> _Your goal_
A verbatim copy of the listing is needed; pictures are to be left out.
═══ The data ═══
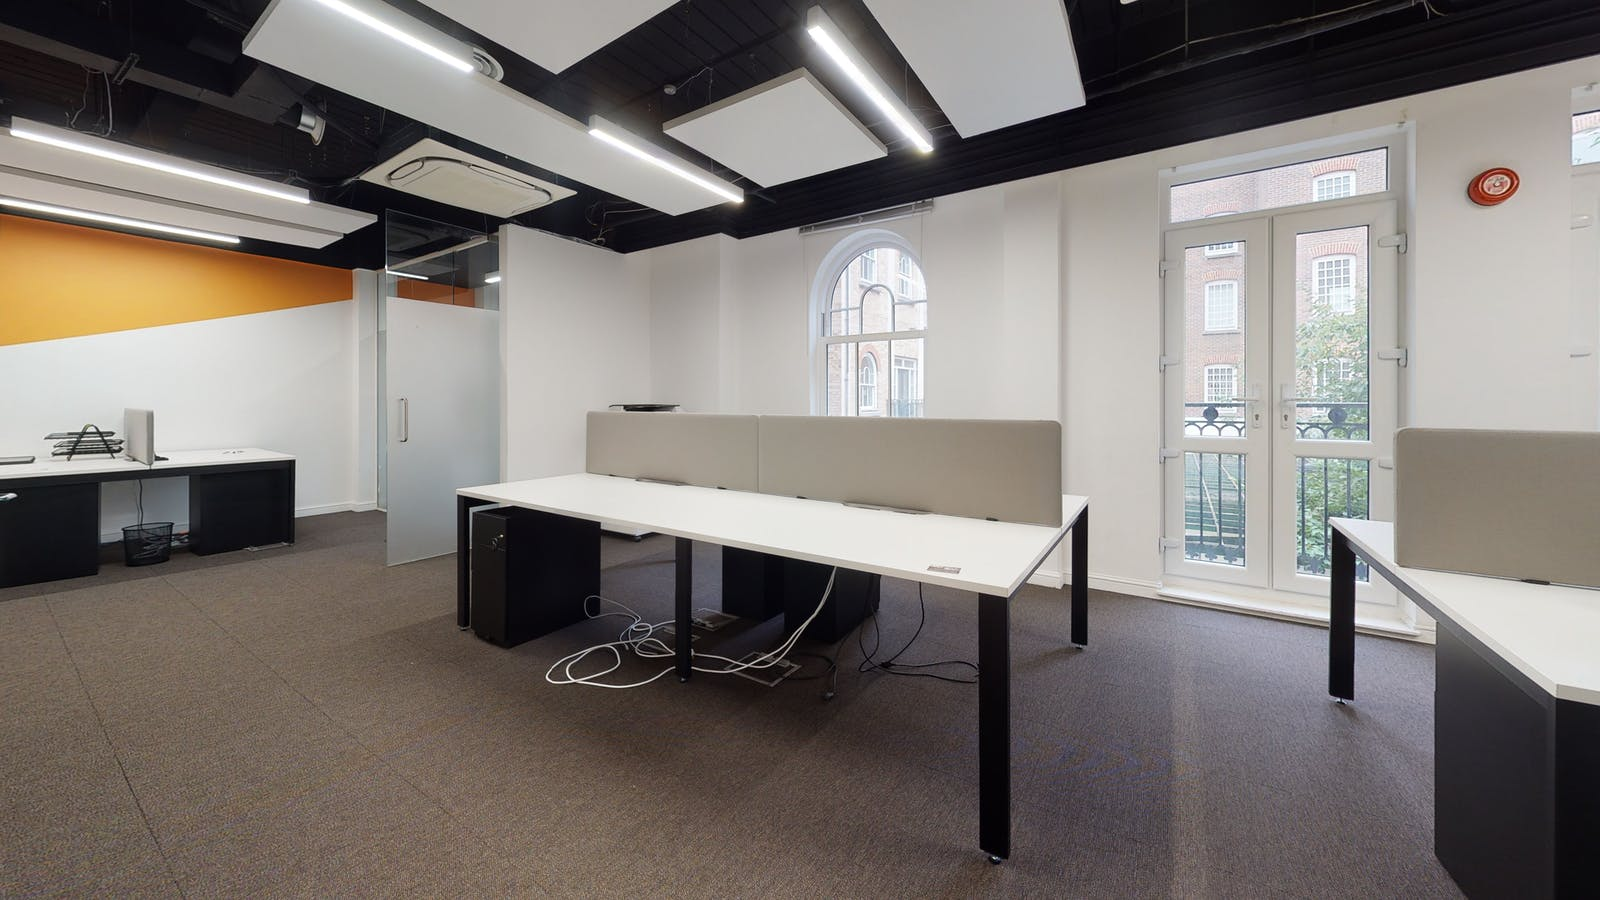 3 Bath Place, 3 Bath Place, London, Office To Let - Space Photo 27.jpg
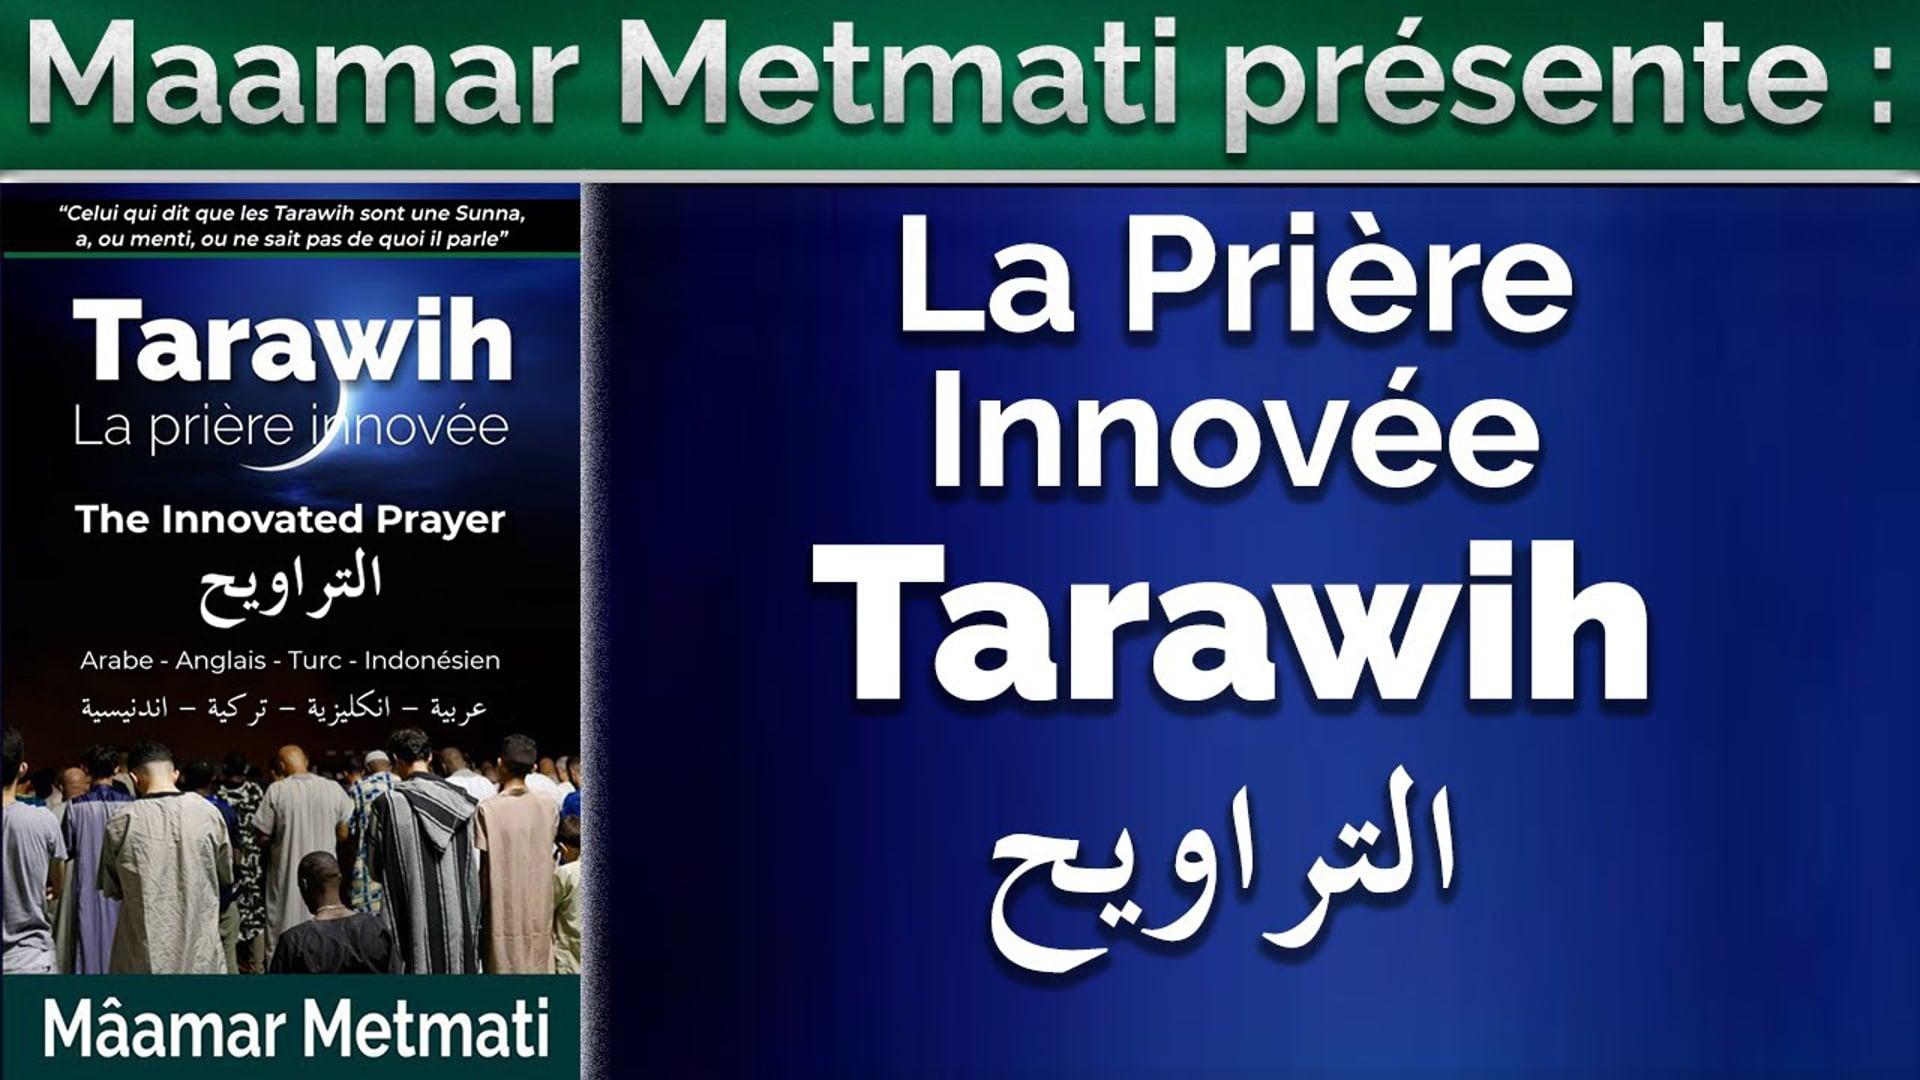 La prière innovée Tarawih  التراويح : Arabe-Français-Turc-Anglais-Indonésien
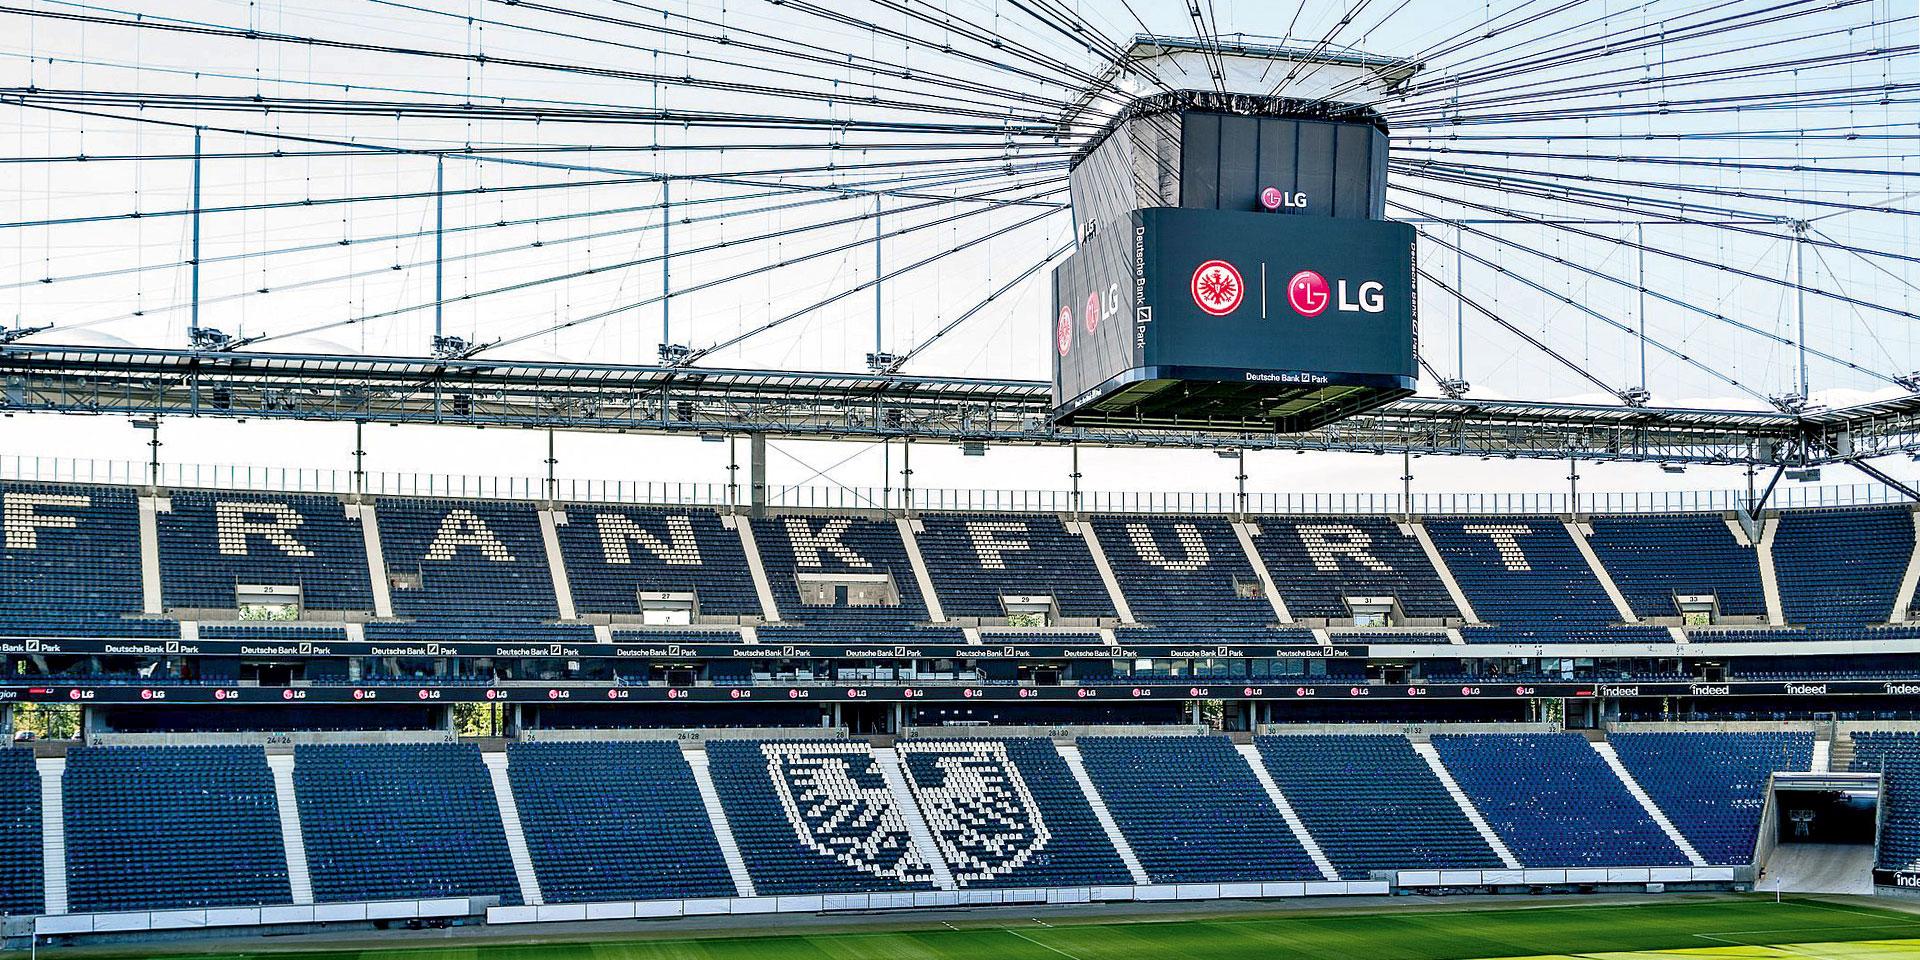 Eintracht Frankfurt LG Electronics display
═══
> _Solution for this problem_
 3 Bath Place, 3 Bath Place, London, Office To Let - Space Photo 27.jpg
 La prière innovée Tarawih  التراويح : Arabe-Français-Turc-Anglais-Indonésien
 Eintracht Frankfurt LG Electronics display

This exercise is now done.